» The records:

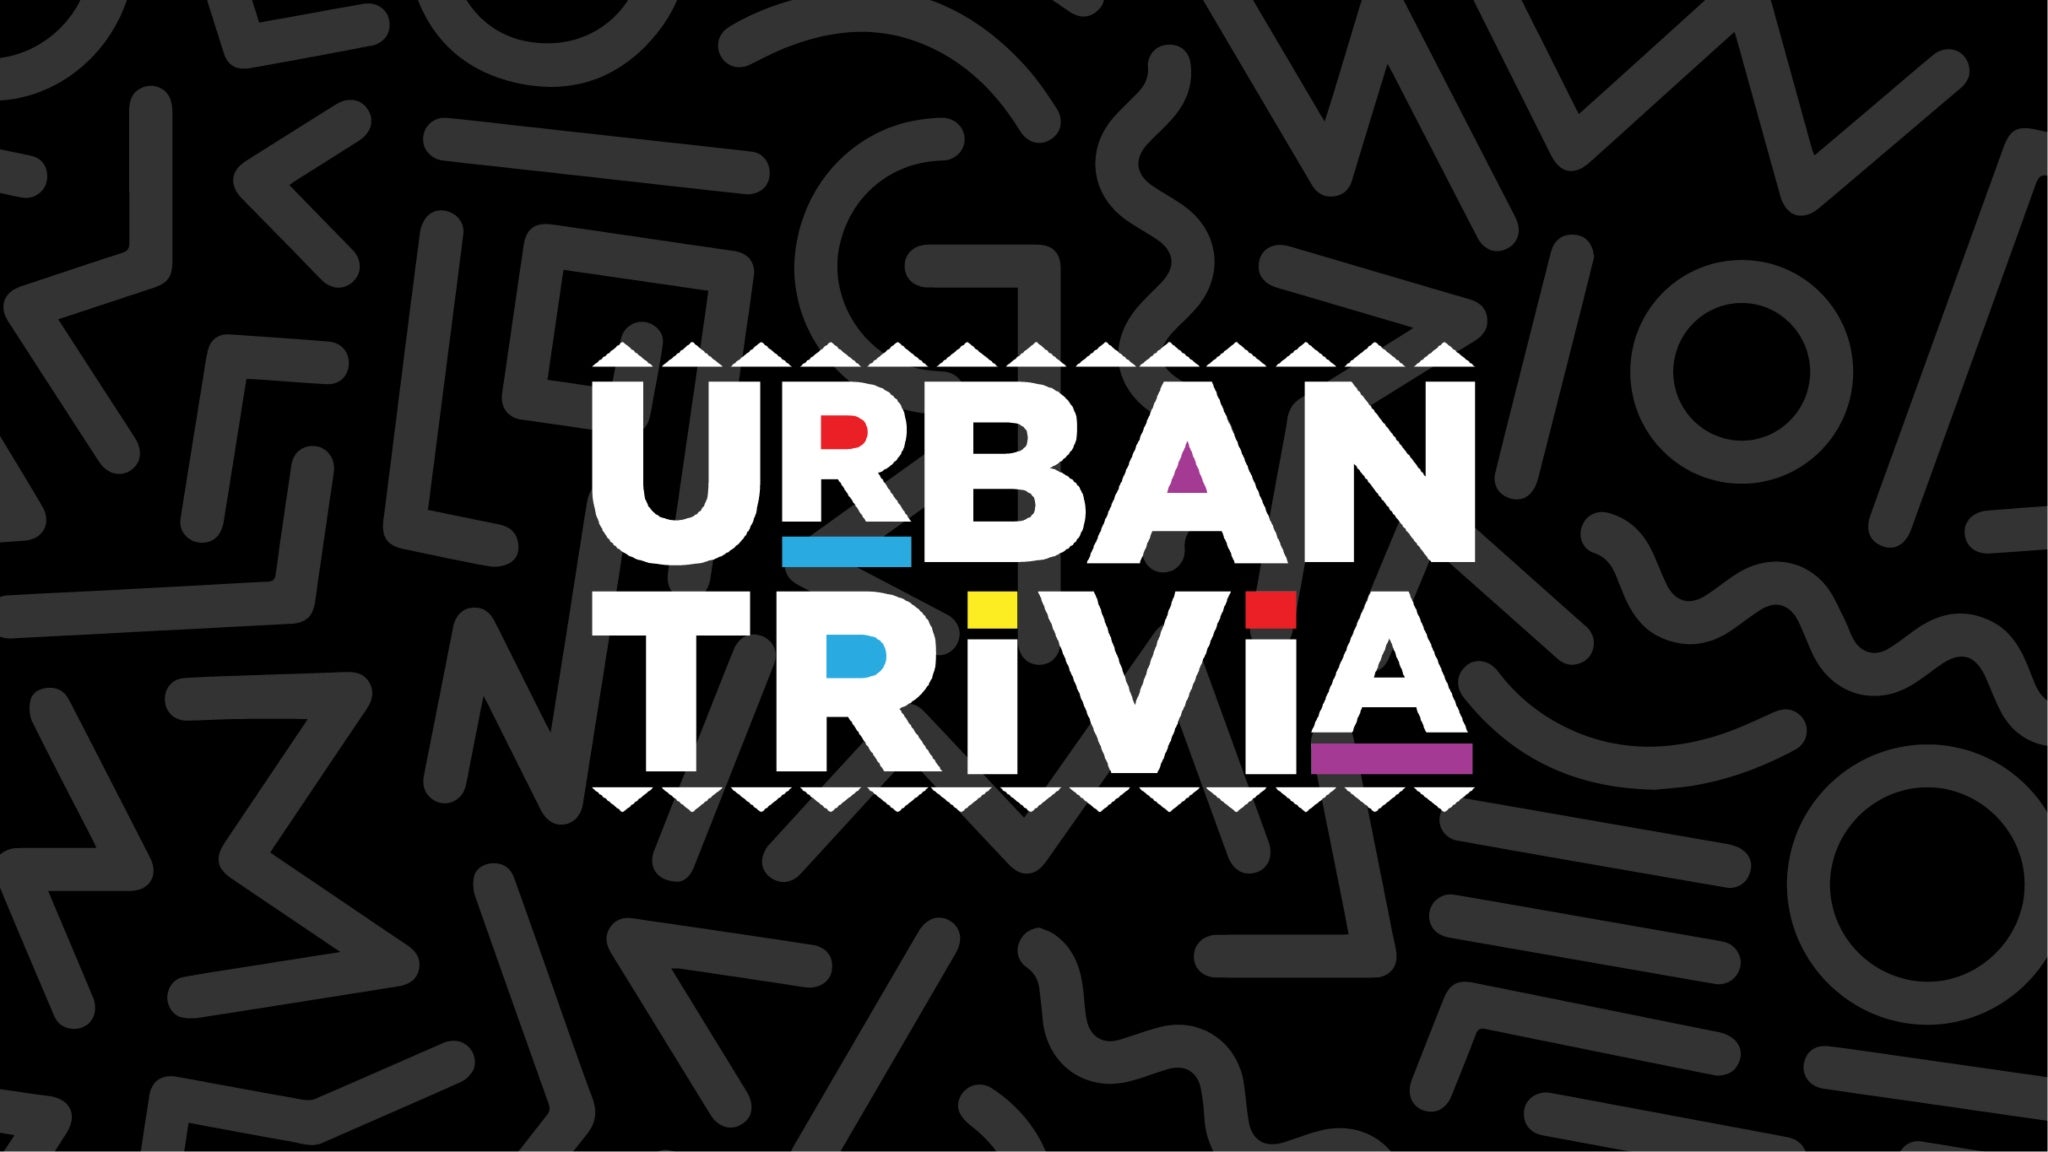 Urban Trivia Live at Center Stage Theater
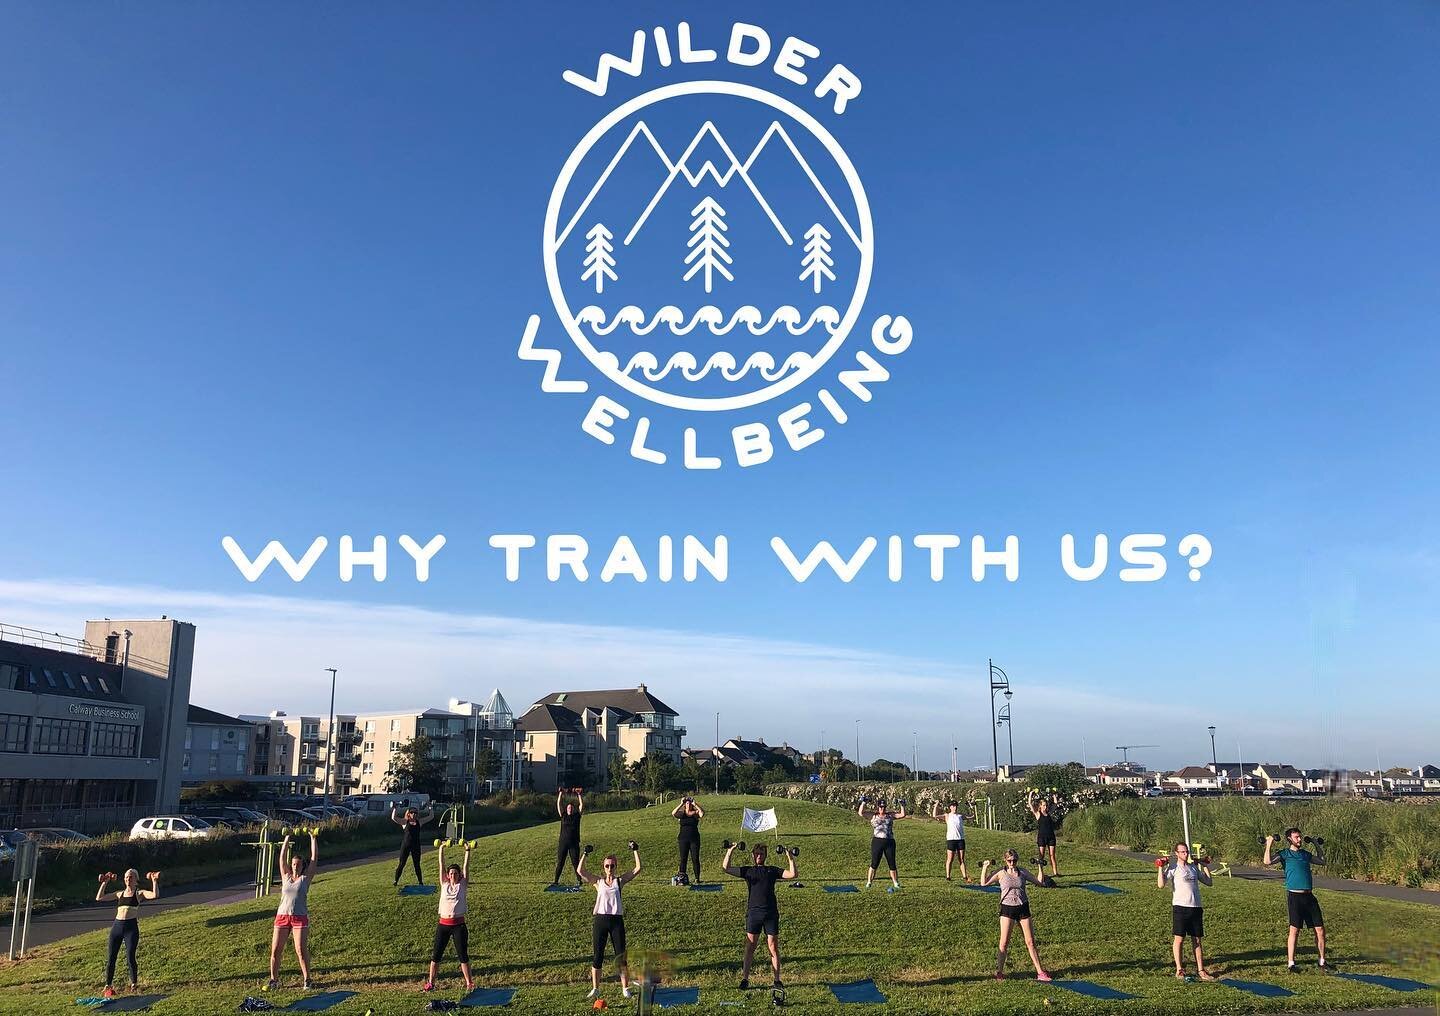 ***Why Train with Wilder Wellbeing***

💪 Increased Lean Muscle 💪

✅ Boost Metabolism ✅

🔥 Burn Fat &amp; Lose Weight 🔥

🫀Increase Cardiovascular &amp; Anaerobic Endurance🫀 

🧘&zwj;♀️Improved Mental Wellbeing 🧘&zwj;♀️

🌲 Reduced Stress 🌲 

?
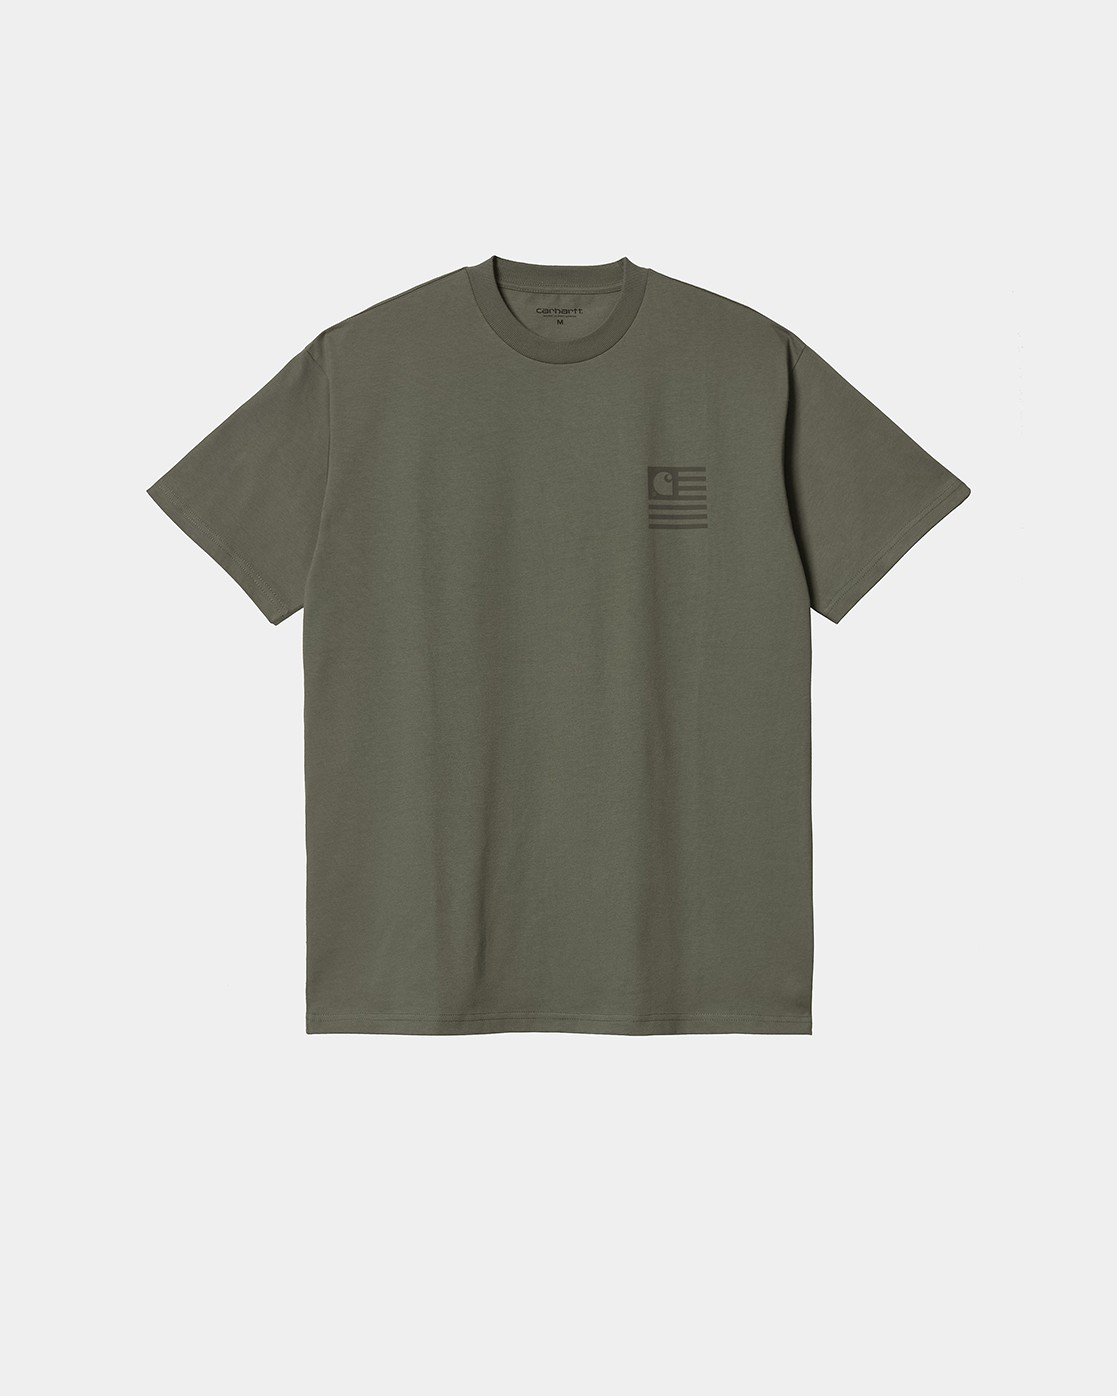 S/s Medley State T-shirt

» Your goal: Your job is to reproduce the material exactly. Keep pictures out of it.

» Exercise response:
 Urban Trivia Live at Center Stage Theater
 ***Why Train with Wilder Wellbeing***

💪 Increased Lean Muscle 💪

✅ Boost Metabolism ✅

🔥 Burn Fat &amp; Lose Weight 🔥

🫀Increase Cardiovascular &amp; Anaerobic Endurance🫀 

🧘&zwj;♀️Improved Mental Wellbeing 🧘&zwj;♀️

🌲 Reduced Stress 🌲 

?
 S/s Medley State T-shirt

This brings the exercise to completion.